Tuesday, February 24, 2009

The Adventures of Tom and Huck

Grandchildren and Twisted Lips
By Beth Quinn

With the arrival of grandchildren, one tumbling into life after another now, the dogs in our family have had to trade in their erstwhile peaceful existence for one fraught with excitement and some danger.
None of the children actually means to cause a dog any harm, with the possible exception of our 2-year-old granddaughter Devon, whom I recently caught standing face to face with Tom, our yellow Lab. She had his lips gripped firmly in her little hands, and she was twisting them backwards, causing Tom to have a most peculiar and unnatural smile on his face.
Tom rolled his eyes toward me in a mute plea for help. He dared not move a muscle lest she tighten her lip grip. I saved him from the enfant terrible, and he will forever love me for my intervention – and for the time-out Devon had to serve in hopes that she will reform.
(She claimed she was “thorry” and they kissed and made up, but I suspect she will have to serve a few more time-outs before she fully embraces the notion that she’s never allowed to hurt a dog.)
That Tom, he’s a good dog. All the Labs in our extended family are – Tom and Huckleberry, Gus and Little Mac. Not one of them would harm a child no matter what body part that child poked or prodded or twisted. Soon after the lip-gripping incident, I watched the care Tom took with Devon when she climbed onto his back to play horsey. Tom slowly lowered himself to the floor, then gently rolled over onto his side to unseat her.
She had to serve time for that infraction, too. No riding the dogs, I told her. Again, she was “thorry” although she stuck out her lower lip to pout for the duration of her sentence this time. I sensed she thought my rules were “thupid.”
But the dogs also manage to inflict punishments of their own, though I’m certain they don’t mean to. Huck’s tail, after all, is just the height of a toddler’s eyes, and there’s no managing the thing once it’s revved up to full wag speed. Devon has developed a defensive blink when she’s in the same room with a dog. Her older cousin Sam did, too, during his own toddlerhood.
Now Sam has twin baby brothers, and the wagging Lab tails have created a problem of a different sort. The babies were premature, weighing in at 1 pound and change, each barely bigger than an ear of corn.

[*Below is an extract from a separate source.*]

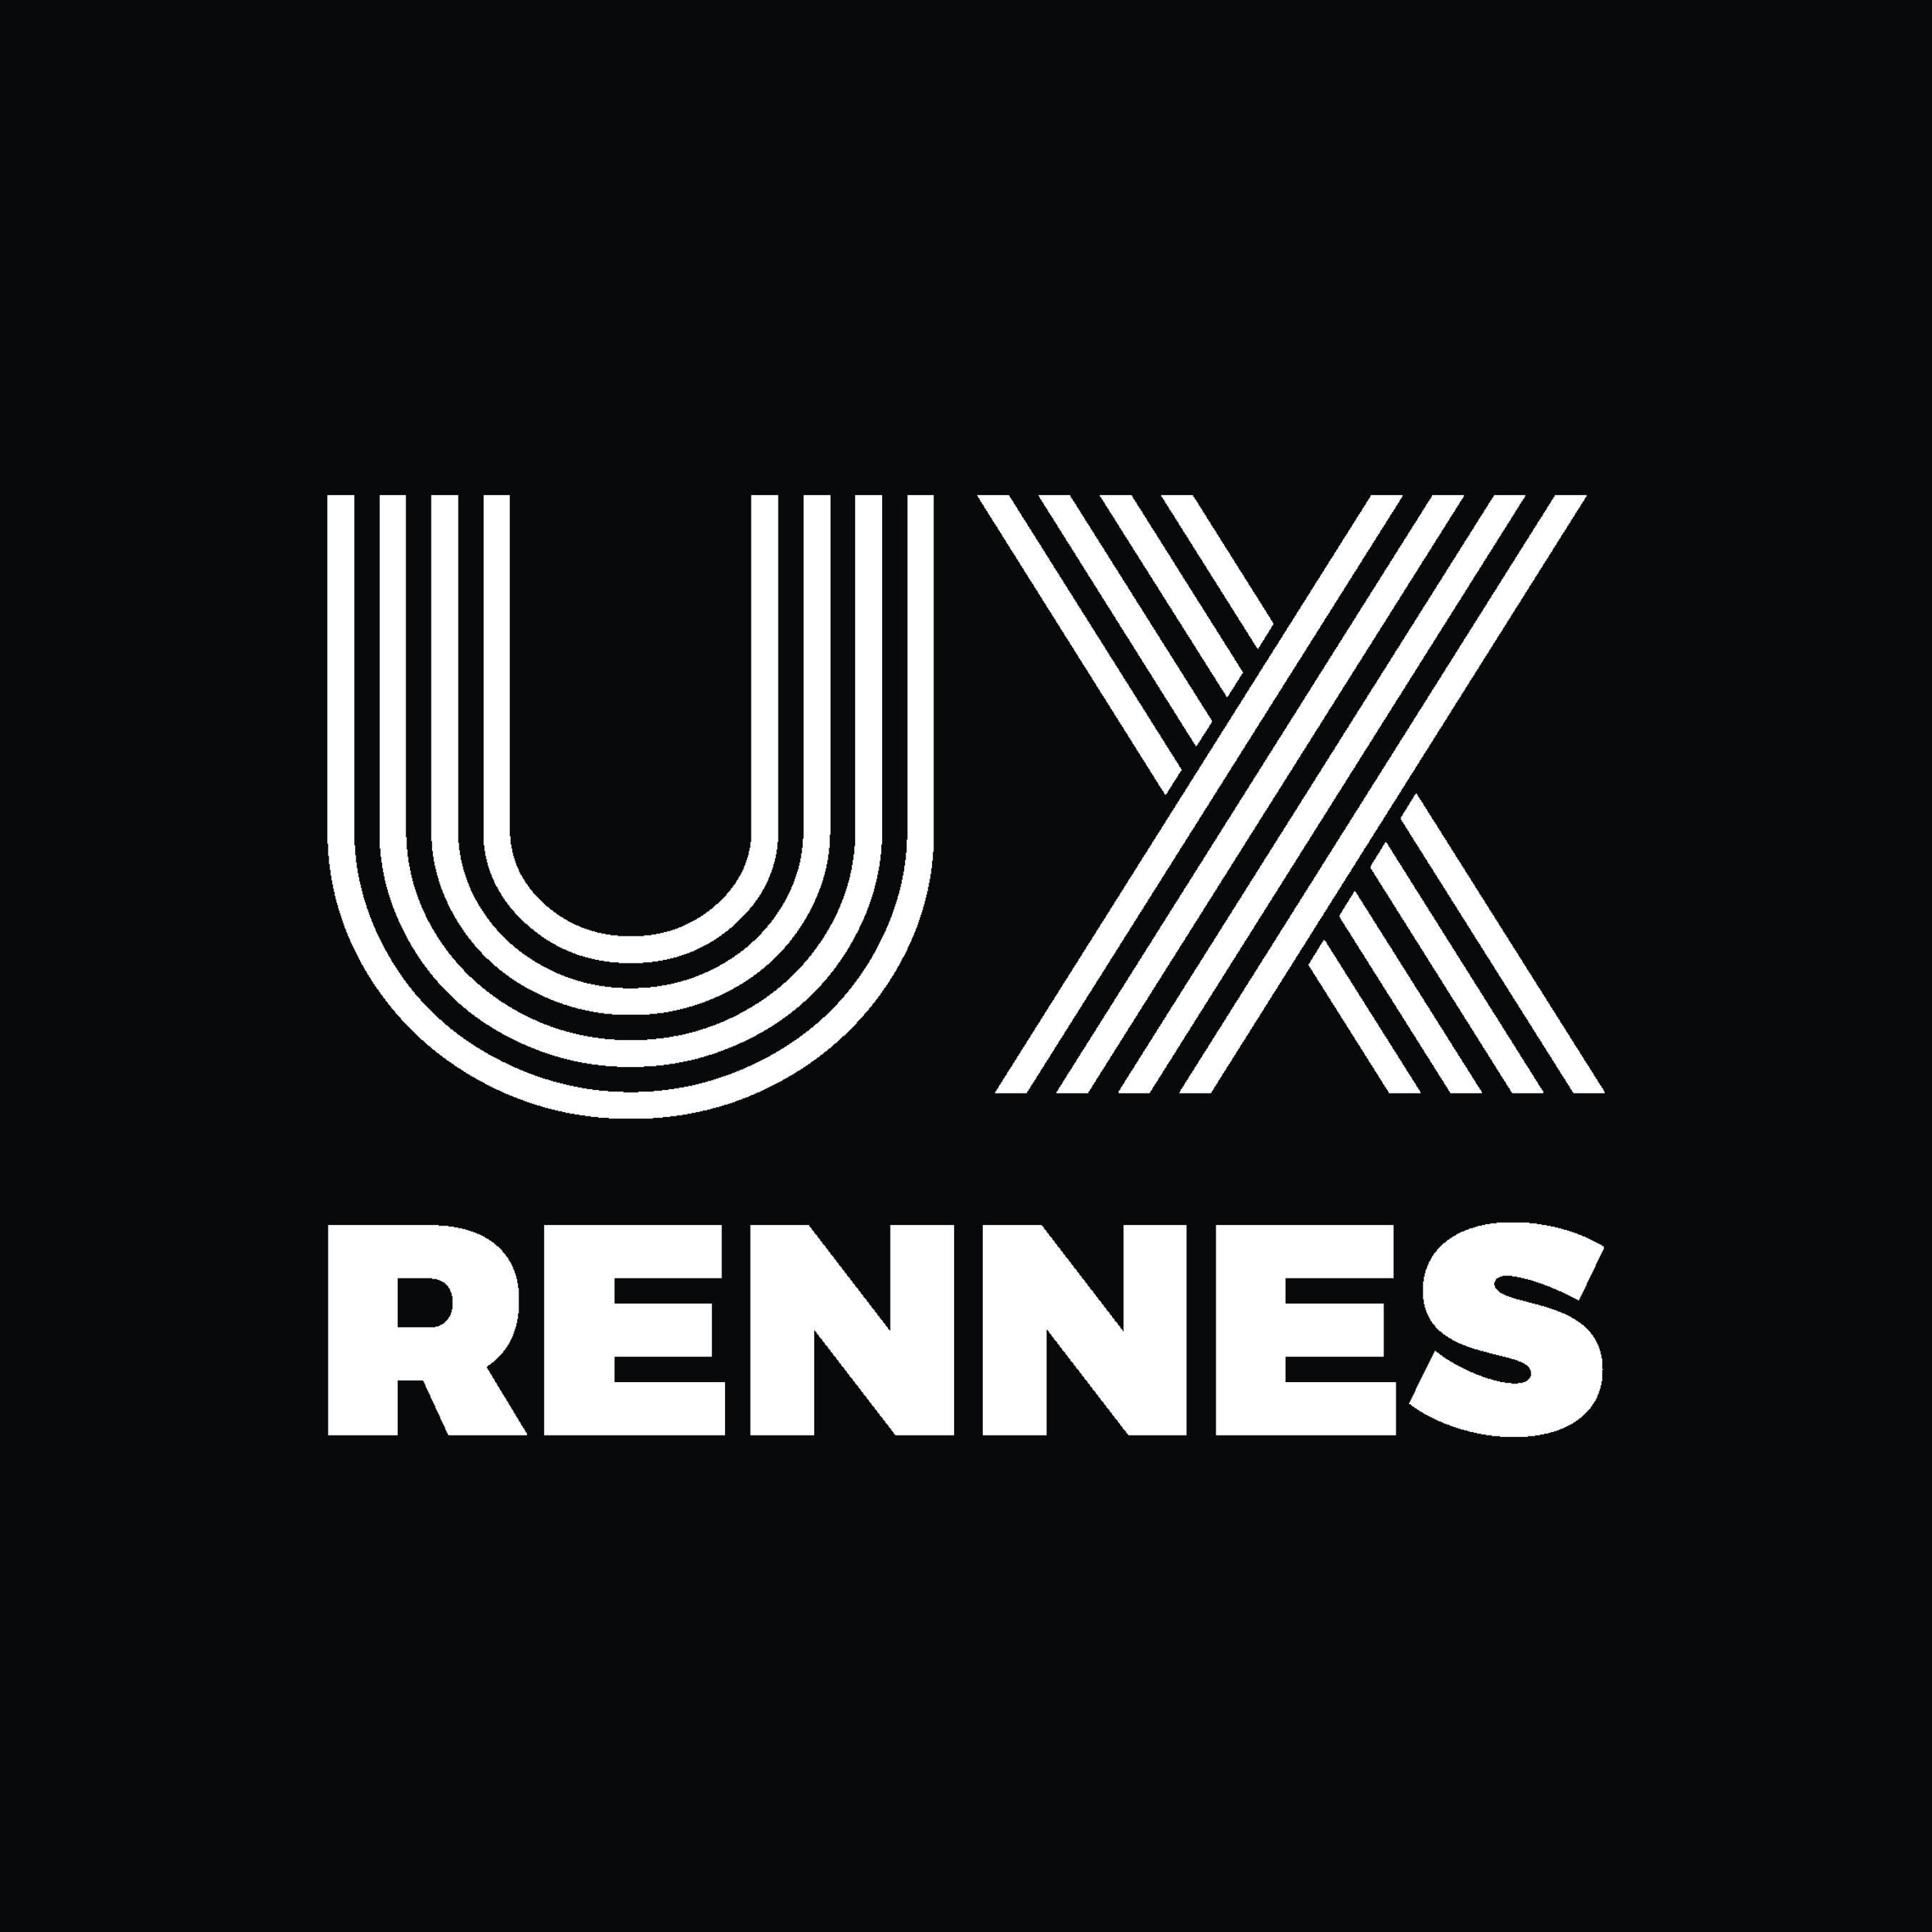 UX Rennes

They had to finish cooking at the hospital, and when they were finally sent home a couple of months ago, they arrived with oxygen tanks and monitors and tubes and wires.
My son’s house looks like a nearby hospital exploded and rained durable medical supplies into their living room.
The Labs went into nanny mode when the babies got home. There isn’t a Lab on this earth who doesn’t get involved when a baby is in the house. Sit down with a twin and a bottle, and there’s Gus on the couch next to you, resting his chin on your shoulder to supervise the meal. I’m sure Gus would remind me to burp a baby if I forgot to.
And Little Mac. Well, the very prospect of a lickable baby in the house – two lickable babies! – brings out the whirling dervish in him and sets his tail wagging faster than you can see it moving. It practically hums.
Therein lies the problem, of course, when there are wires all over the place connecting two babies to oxygen and monitors. After Little Mac has been through the room, it’s not uncommon to discover a wire just dangling there, just hanging from a twin, unmoored from an oxygen tank by the swipe of a dog tail.
Oh my, we say when someone discovers an unattached wire. Who’s not getting oxygen? Is there a twin turning blue in here?
Fortunately, neither Austin nor Bryce has ever turned blue and, really, they don’t seem to need the oxygen all that much. Still, Little Mac gets a time-out of his own whenever this happens, banished to the yard to wear out his exuberance by chasing a squirrel or two.
And while a Lab never pouts while serving his time, I’m certain that, on some level, he’s “thorry” too.